2.3.5 PERTIMBANGAN GERONTOLOGI
Penurunan secara bertahap dalam fungsi pernapasan yang dimiliki pada masa dewasa
pertengahan dan mempengaruhi struktur juga fungsi pernapasan. Selama penuaan (40 tahun dan lebih
tua), perubahan yang terjadi dalam alveoli mengurangi area permukaan yang tersedia untuk pertukaran
oksigen dan karbondioksida. Pada usia sekitar 50 tahun, alveoli mulai kehilangan elastisitasnya.
Penebalan kelenjar bronkial juga meningkat sejalan dengan pertambahan usia. Kapasitas vital paru
mencapai tingkat maksimal pada usia 20-25 tahun dan menurun setelah sepanjang kehidupan. Penurunan
kapasitas vital paru terjadi sejalan dengan kehilangan mobilitas dada, dengan demikian membatasi aliran
tidal udara. Perubahan ini mengakibatkan penurunan usia kapasitas difusi oksigen sejalan dengan
peningkatan usia menghasilkan oksigen erndah dalam sirkulasi arteri.

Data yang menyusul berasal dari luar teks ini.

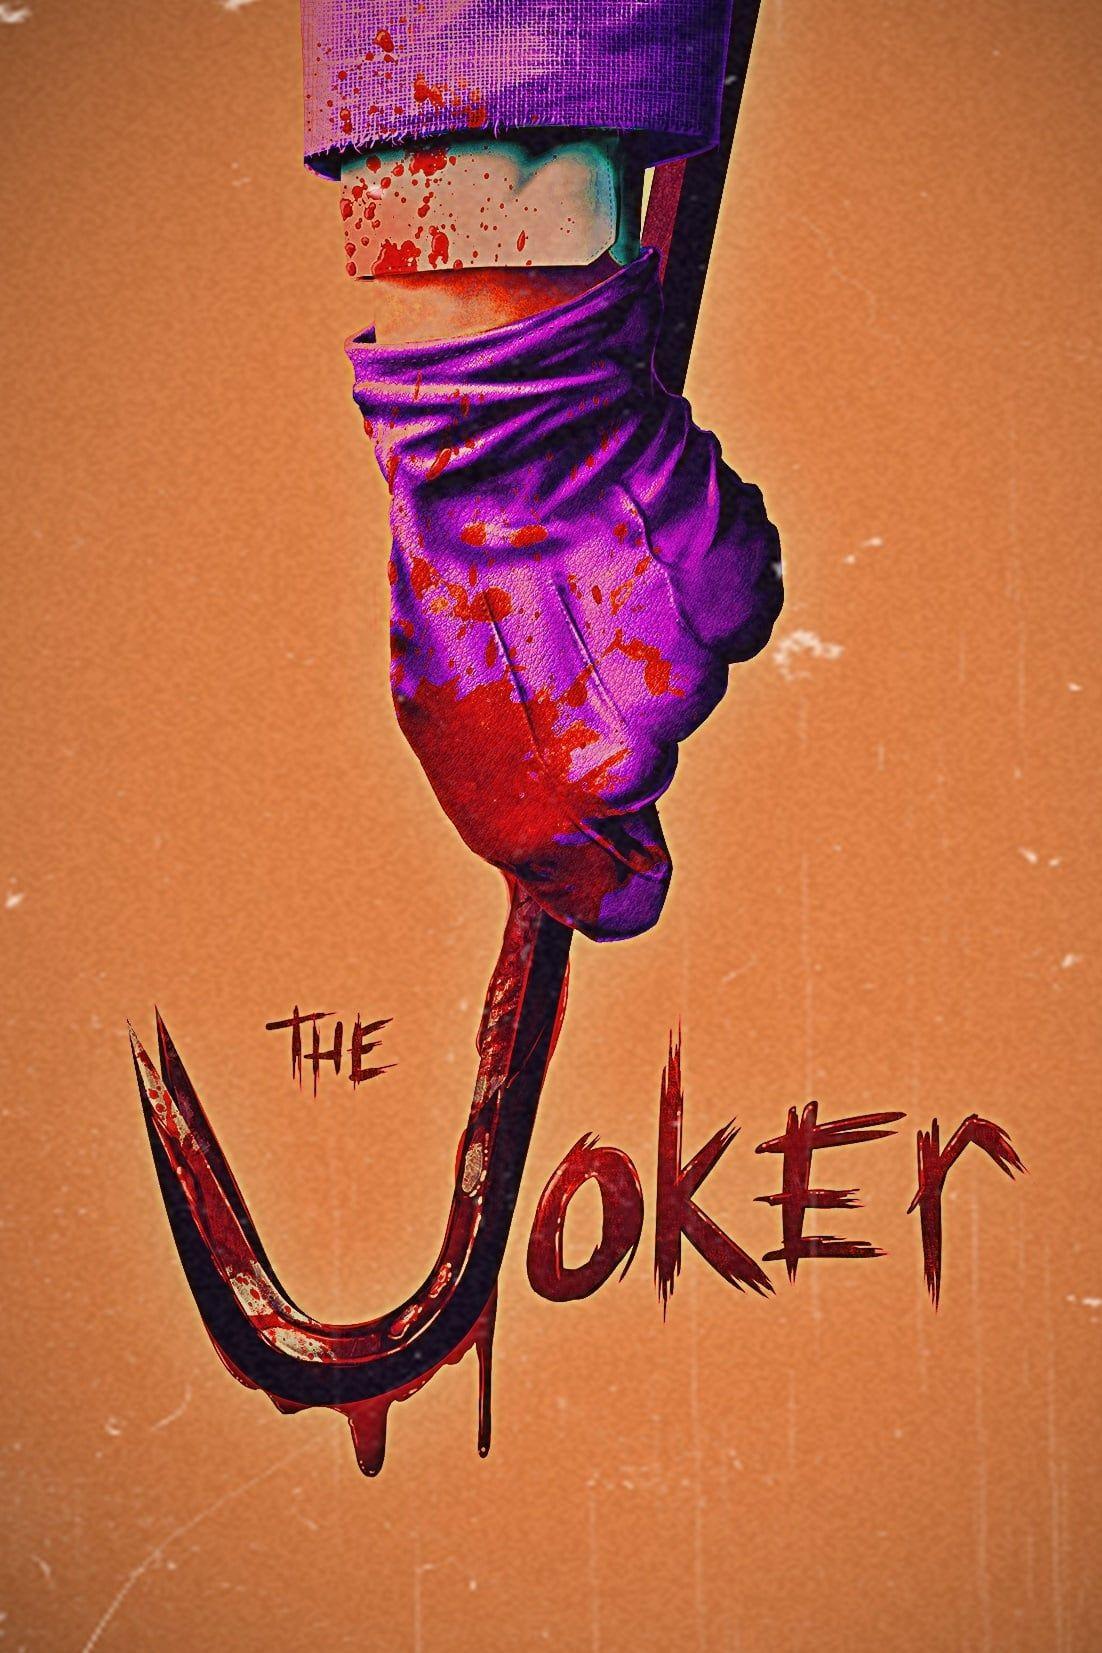 .Joker FULL MOVIE Streaming Online in HD720p Video

Meskipun terjadi perubahan ini tidak adanya penyakit pulmonal kronis, lansia tetap dapat
melakukan aktivitas kehidupan sehari-hari, tetapi mungkin mengalami pengurangan toleransi terhadap
aktivitas yang berkepanjangan atau olahraga yang berlebihan dan mungkin membutuhkan istirahat
setelah melakukan aktivitas yang lama dan berat.
2.3.6 KOMPLIKASI
1. Emfisema
Bila asma sering terjadi dan telah berlangsung lama, mengakibatkan perubahan bentuk thorak.
2. Atelaksitas
Bila secret banyak dan kental, salah satu bronkus dapat tersumbat.
3. Bronkotaksis
Bila atelaksitas berlangsung lama.
4. Bronkopneumoni
Bila ada infeksi.
5. Kegagalan nafas dan kegagalan jantung bila asma tidak ditolong dengan semestinya.

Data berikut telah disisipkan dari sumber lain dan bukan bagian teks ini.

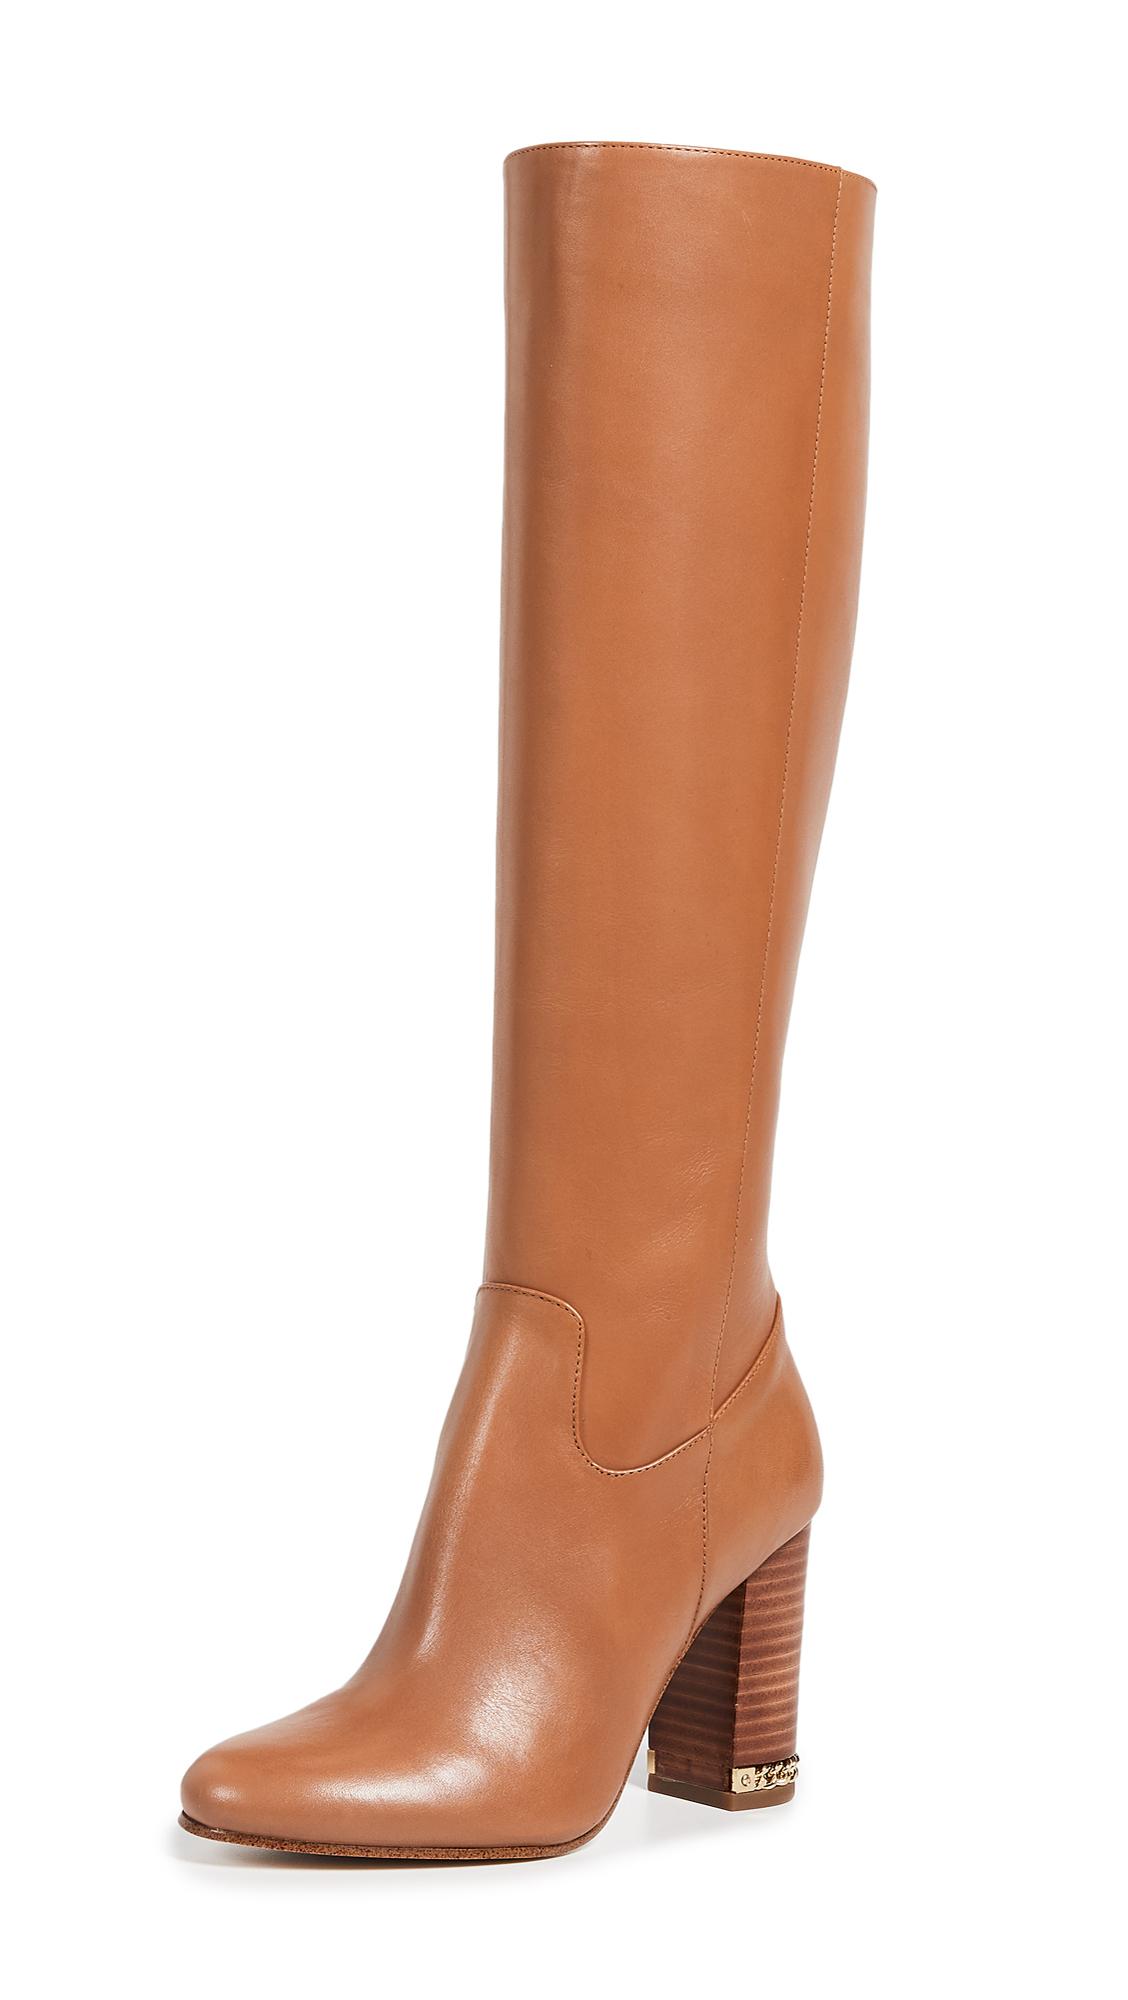 MICHAEL Michael Kors Walker Tall Boots - Acorn

2.3.7 PEMERIKAAN DIAGNOSTIK
1. Rontgen dada
Dapat mengatakan hiperinflasi paru-paru
2. Tes fungsi paru
Dilakukan untuk menentukan penyebab dispneu, menentukan apakah fungsi abnormal adalah
obstruksi atau retraksi untuk memperkirakan derajat disfungsi dan untuk mengawasi efek terapi.
3. Kapasitas inspirasi
Menurun pada emfisema
4. Bronkogram
Dapat menunjukan dilatasi silindsris bronkus pada inspirasi, kolaps bronchial pada ekspirasi kuat
(emfisema), pembasaran duktus mukosa yang terlihat pada bronchitis.
5. Kimia darah
Anti aspirin dilakukan untuk meyakinkan defisiensi dan diagnosa emfisema.
6. Sputum
Kultur untuk menentukan adanya infeksi, mengidentifikasi patogen.

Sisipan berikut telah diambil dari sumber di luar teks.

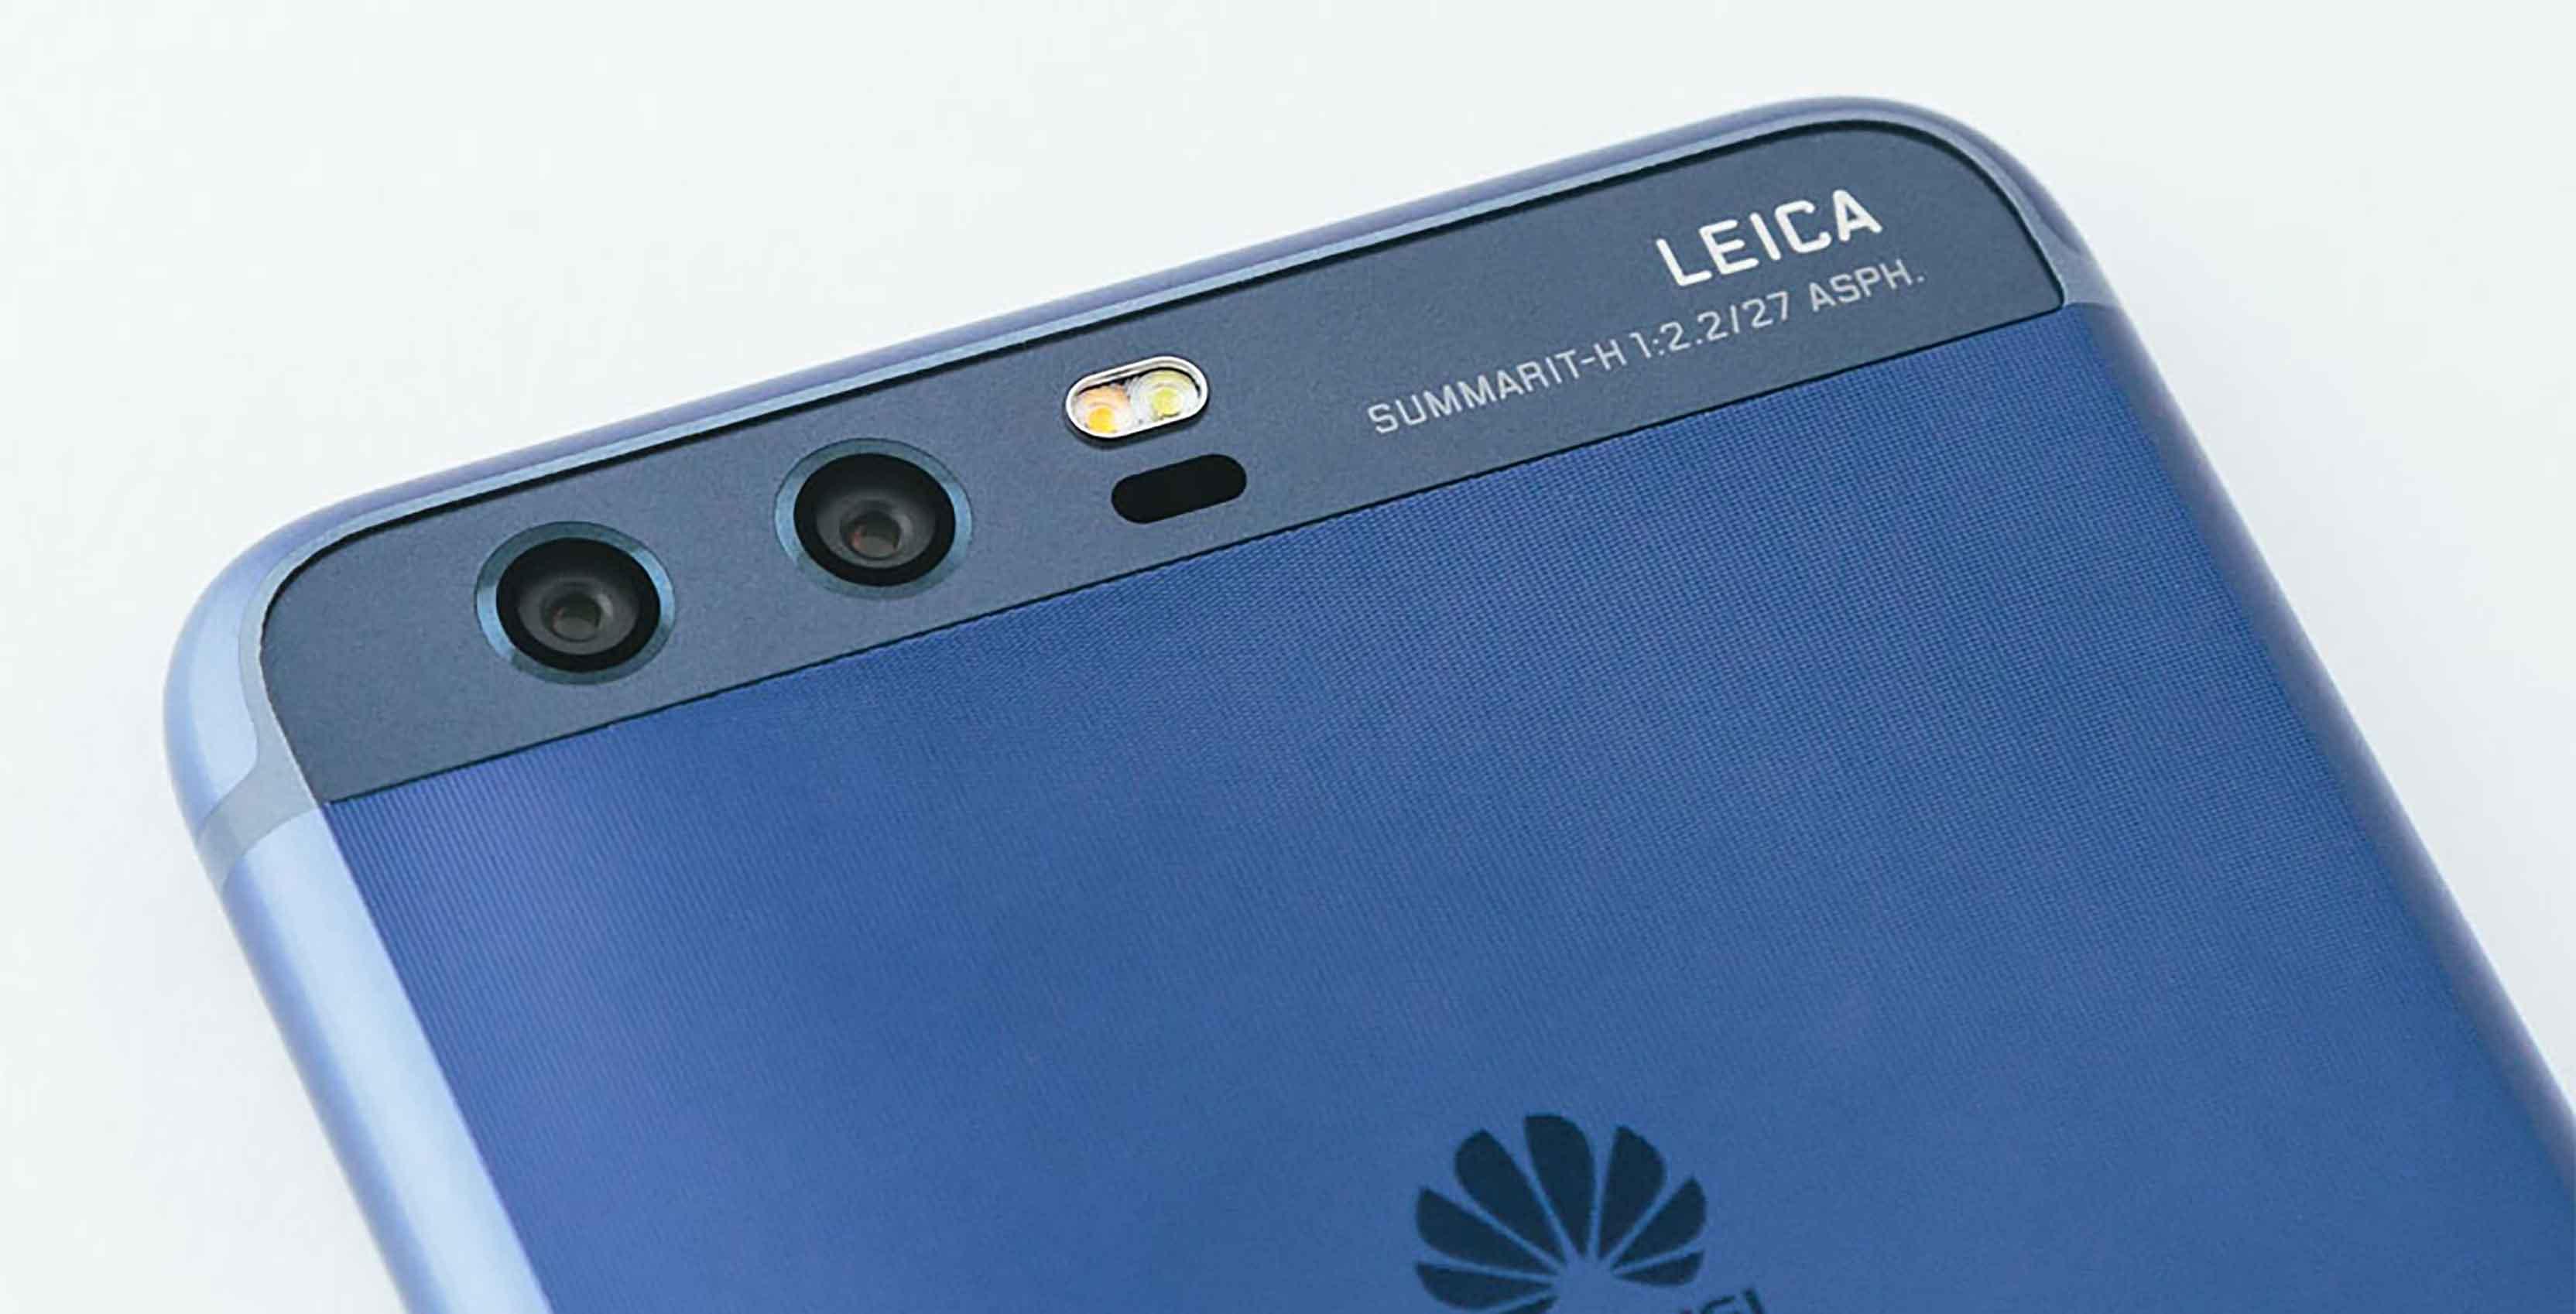 Blue huawei p10 back camera - Huawei P10 DxOMark

7. EKG, Latihan, Tes stress
Membantu dalam mengatasi derajat disfungsi paru, mengevaluasi keefektifan terapi bronkodilater,
perencanaan, evaluasi dan progam latihan.
2.3.8 PENATALAKSANAAN MEDIK
1. Tujuan Terapi Asma
- Menyembuhkan dan mengendalikan asma.
- Mengupayakan fungsi paru senormal mungkin serta mempertahankannya.
- Mengupayakan aktivitas harian senormal mungkin.
- Mencegah obstruksi jalan nafas.
2. Tindakan Preventif
Menghilangkan Alergen penyebab, misalnya asap rokok, bulu kucing dan debu.
3. Pengobatan
- Bronkodilator :
Agonis B2 ( Terbulitan, Salbutamol dan Fenetrol : lama kerja 4-6 jam)
Agonis B2 Long Action memiliki lama kerja > 12 jam
4. Anti Inflamasi
- Kortikosteroid
- Natrium Kronolin
- Terapi O2
2.3.9 PROSES KEPERAWATAN
PENGKAJIAN
1. Identitas
Nama, pendidikan, alamat, pekerjaan dll.
2. Riwayat kesehatan
- Alasan datang ke panti.
- Riwayat medik yang lalu.
3. Pola persepsi riwayat kesehatan
- Merokok, minuman keras, obat-obatan, dsb.
- Alergi makanan.
4. Pola aktivitas latihan
5. Pola nutrisi
- Diet, gejala muntah-muntah, anoreksia.
- Nafsu makan, kemampuan menelan.
- Perubahan berat badan, penurunan massa otot.
6. Pola Eliminasi
- Kebiasaan BAB
- Kebiasaan BAK
7. Pola Istirahat Tidur
Gejala : kelelahan, keletihan, malaise.
Ketidakmampuan melaksanakan aktivitas sehari-hari karena sulit bernapas,
ketidakmampuan untuk tidur, pola tidur dalam posisi duduk tinggi, dispneu pada
saat istirahat/respon terhadap aktivitas dan latihan.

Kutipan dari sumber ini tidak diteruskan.